The anatomy of the shoulder girdle in mixosaurids is typical of early ichthyopterygians. The scapulae are broad, semicurcular bones, with their blades resembling fans or axheads in shape, except in P. atavus, where the edge before the shoulder joint is straight. The portion of the scapula involved in the shoulder joint is small and offset from the blade. Mixosaurid coracoids are expanded into rounded, fan-like shapes as well, though the region in front of the shoulder joint is distinctively longer than the region behind the shoulder joint. Situated between the collarbones is the interclavicle, which is roughly triangular. While the edges of the bone may be bowed inwards, the overall shape is markedly different from the T-shaped interclavicles of other ichthyosaurs.

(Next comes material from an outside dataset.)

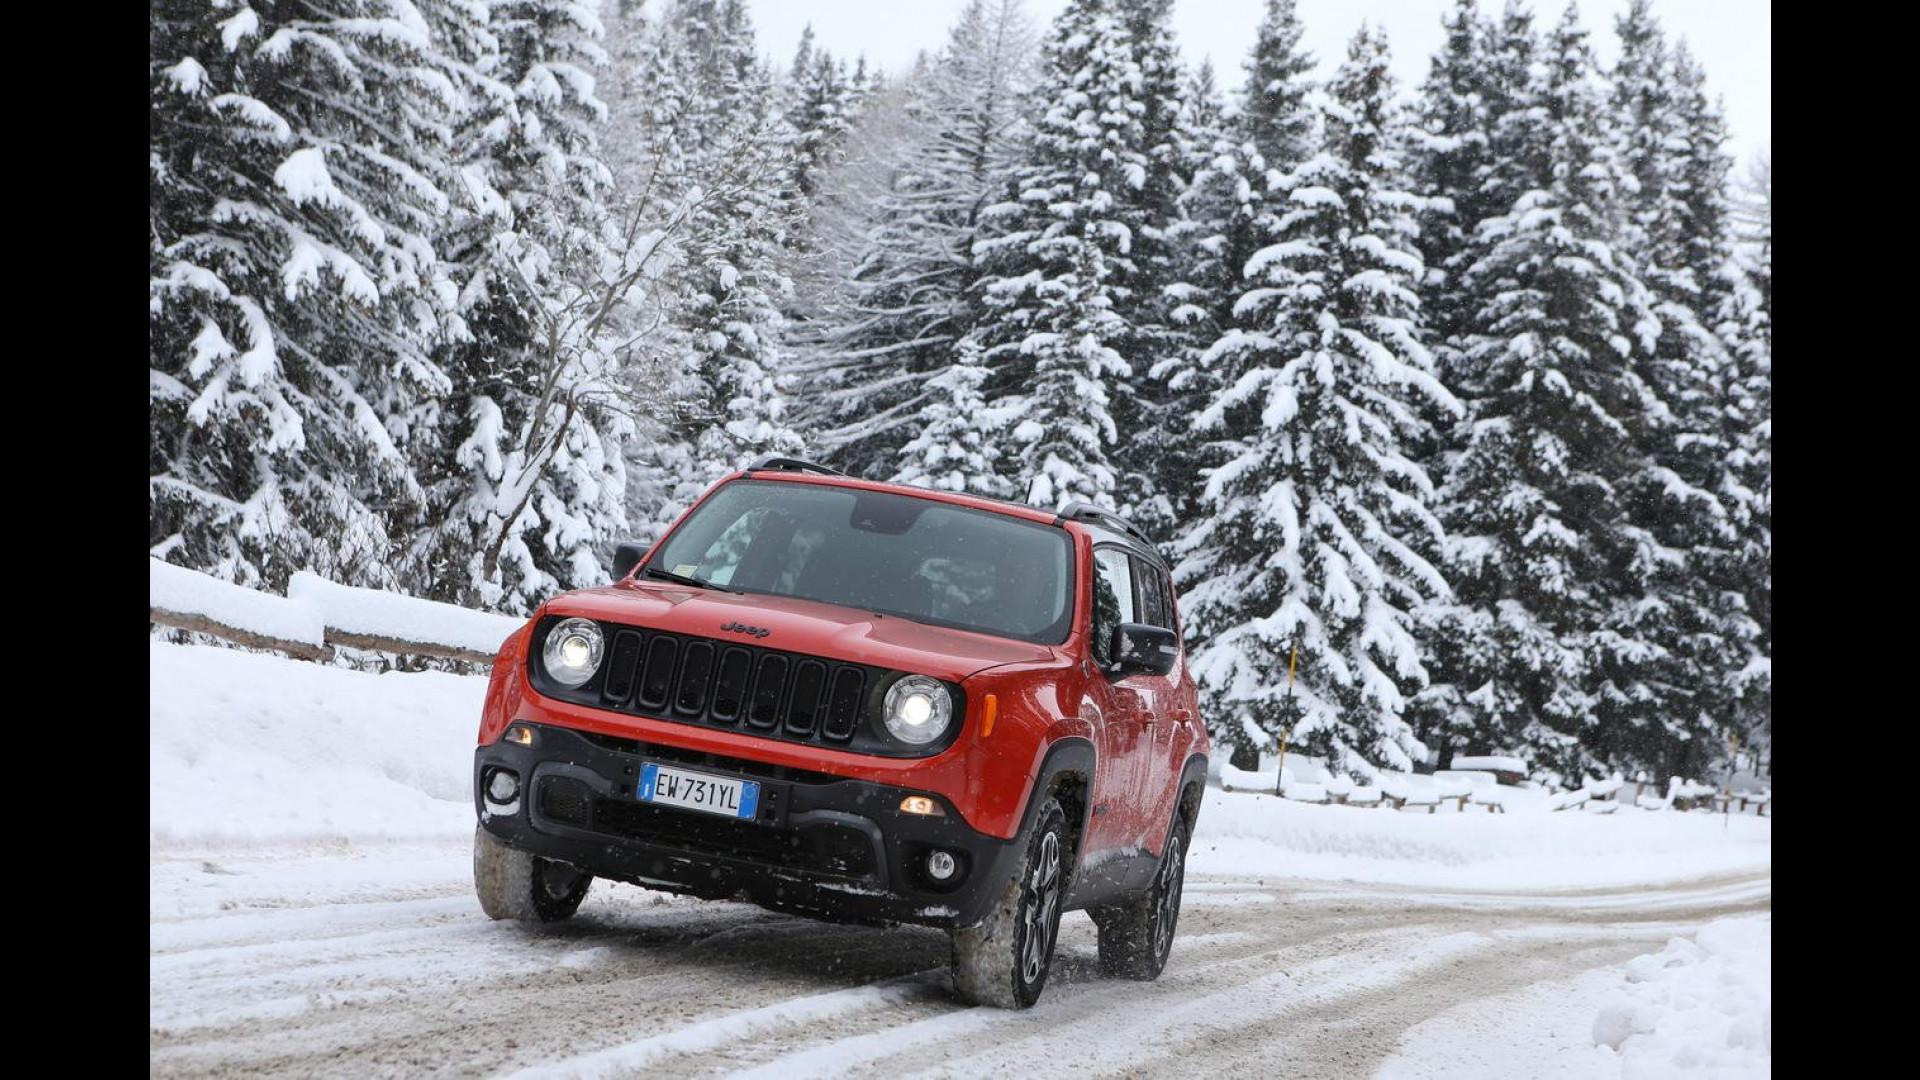 Fiat 500x E Jeep Renegade 4x4 Vs Svezia Video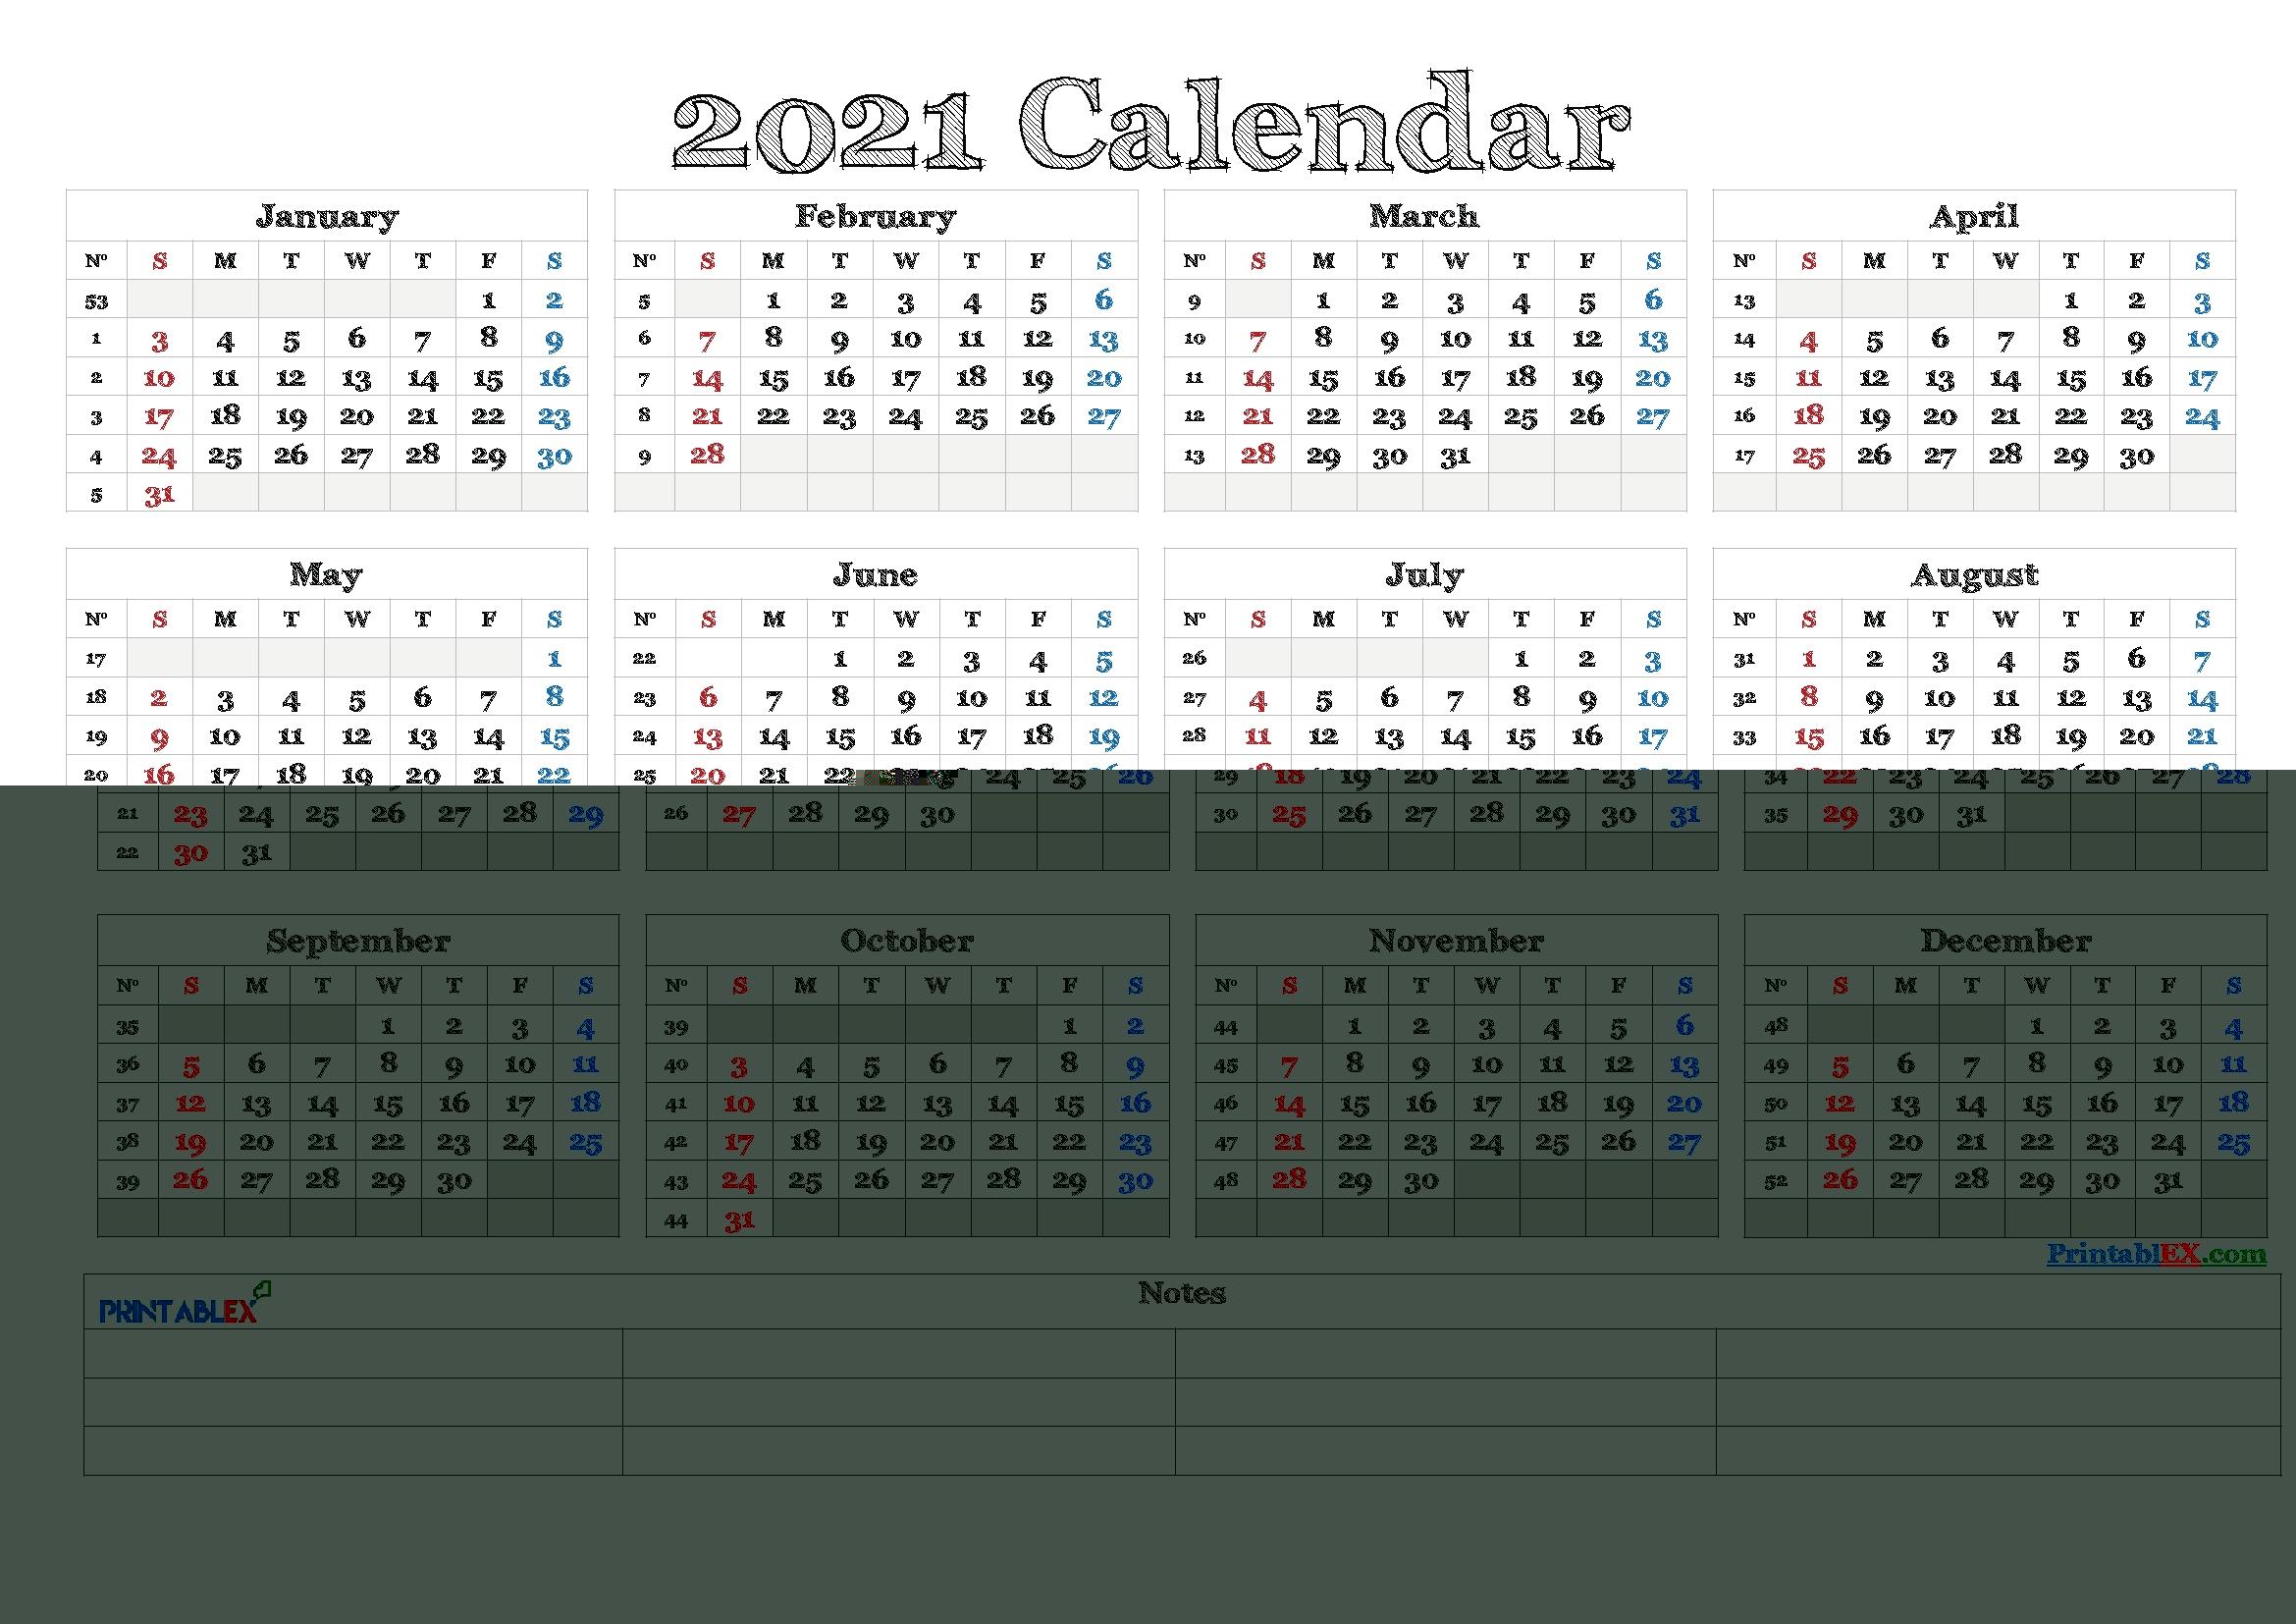 Free Editable Weekly 2021 Calendar / 2021 Editable Yearly

The mixosaurid humerus is short and wide, particularly so in Mixosaurus. The front margin of the humerus is drawn out into a plate-like flange. The only prominent ridge on the surface of the bone is the deltopectroal crest, which is separated from the humeral head by a notch. The bones below the humerus (the radius in front and ulna behind) are also abbreviated in length. Both the front and back sides of the radius are bowed inwards, while the ulna's rear edge is unnotched, with the exception of P. callawayi. The wrist is composed of polygonal carpals fitting firmly together, with four bones in the upper row (namely the radiale, intermedium, ulnale, and pisiform) and five bones in the lower row (distal carpals). Distal to the pisiform, many mixosaurids also have an additional, second pisiform. Of the distal carpals, the first is the largest, and is at least as large as the fifth metacarpal. The fourth distal carpal is also larger than the fifth metacarpal, except in P. atavus, which is more like earlier ichthyopterygians. The bones of the fingers, the metacarpals and phalanges, are flat and abbreviated, and unlike the carpals also have shafts, with the exception of those on the leading and trailing edges of the fin, whose outer-facing edges are often straight. Mixosaurids typically have five digits in their forelimbs, though some specimens of Phalarodon have an extra finger stemming from the pisiforms. Each digit in the mixosaurid forelimb can contain as many as ten phalanges.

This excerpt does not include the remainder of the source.